Leave the inner intestines of the CD booklet up to your
imagination.
So what's for lunch, you ask? In a word, Cattle Decapitation's
music (or lack thereof) is chaotic. It's a grinding, brutal-as-can-be
level of extreme metal, not heard since goregrind legends
Carcass first arrived. The blast beats by new drummer David
McGraware are some of the fastest ever put down on record.
The guitar riffs are a schooling in technical brutality. Vocals
from Travis Ryan are inhuman. It's ironic, given the group's
stance, that he often sounds like a dying animal. The 10 songs
on this disc are all equally intense. I couldn't even
begin to tell you how anyone could sit down and write songs
this fast, complicated and brutal. You'd never be able to
duplicate the same song twice. It's not until eight songs
in, on the title track, featuring guest vocals from Jarboe
(Swans), that listeners have time to chew their food.
Just like that, it's time for desert, with the most accessible
and strongest song of the album, “Regret and the Grave.”

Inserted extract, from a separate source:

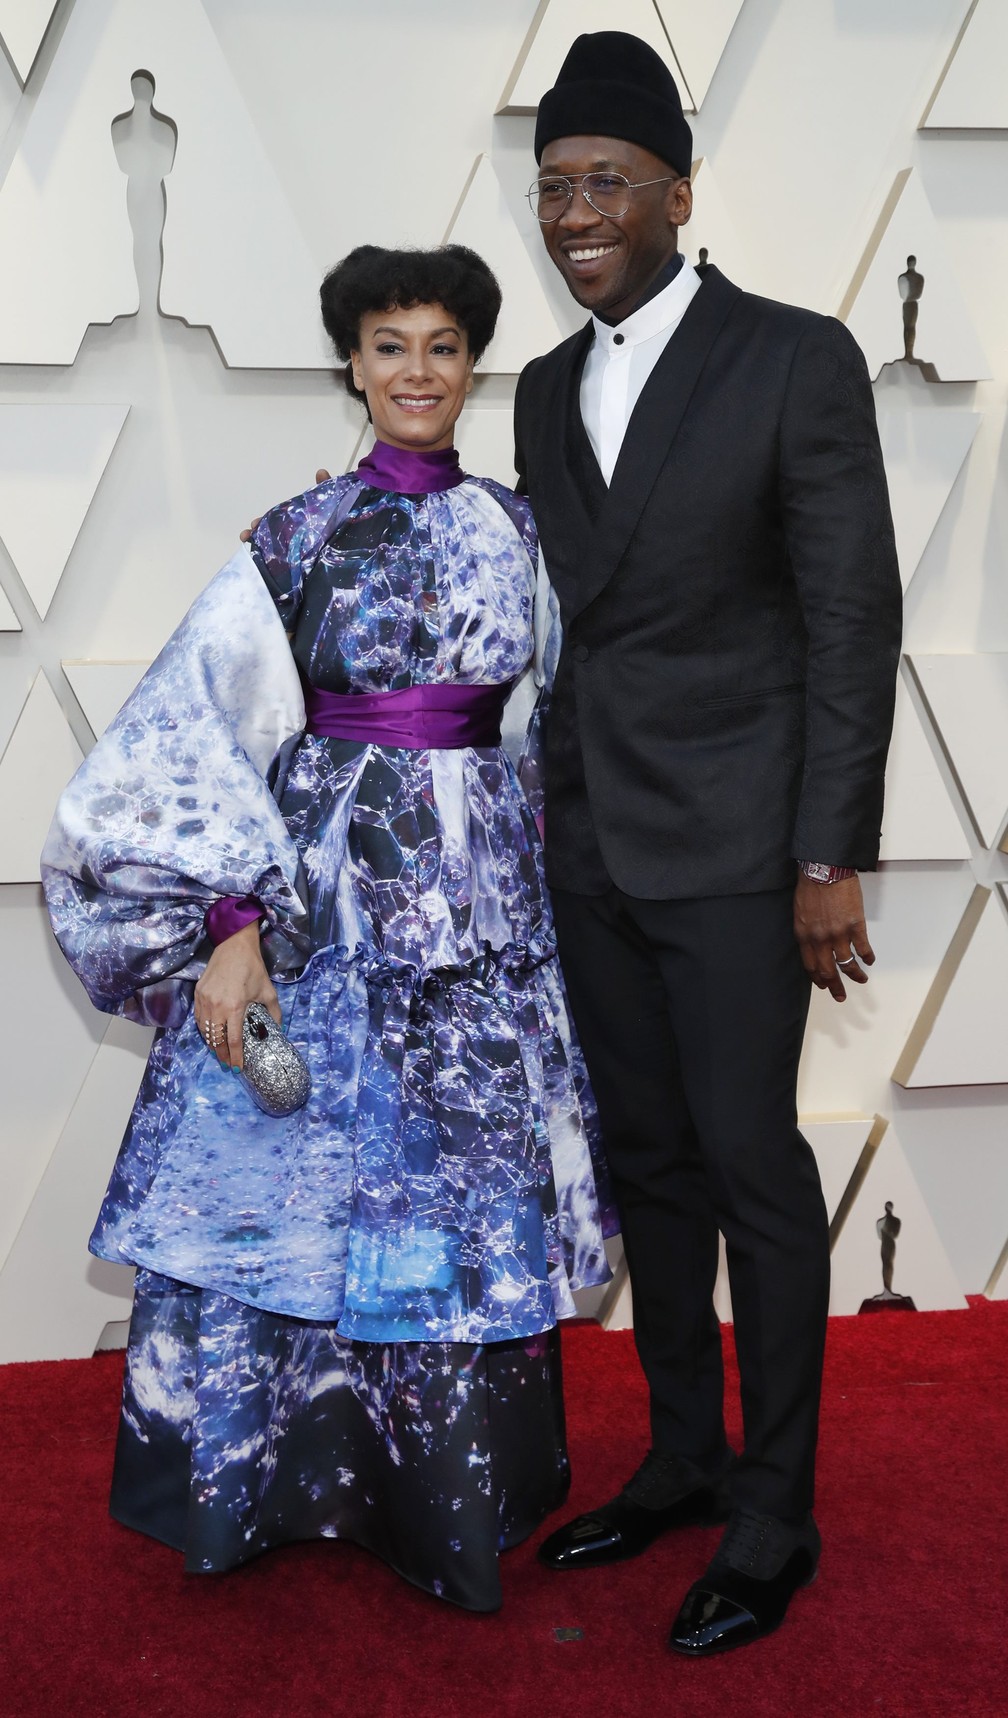 Mahershala Ali e sua esposa  Amatus Sami-Karim no tapete vermelho do Oscar 2019 â€” Foto: Mario Anzuoni/Reuters

To put it into perspective, this would be the heaviest thing
that most other bands would dare to record, but it's last
night's leftovers for Cattle Decapitation. Adding more entrees
to the menu, the band seems to have acquired a small taste
of black metal influence throughout the album, most evident
on “Regret and the Grave.”
Favorite songs? Can't say. Favorite song titles:
“A Body Farm,” “Tooth Enamel and Concrete.”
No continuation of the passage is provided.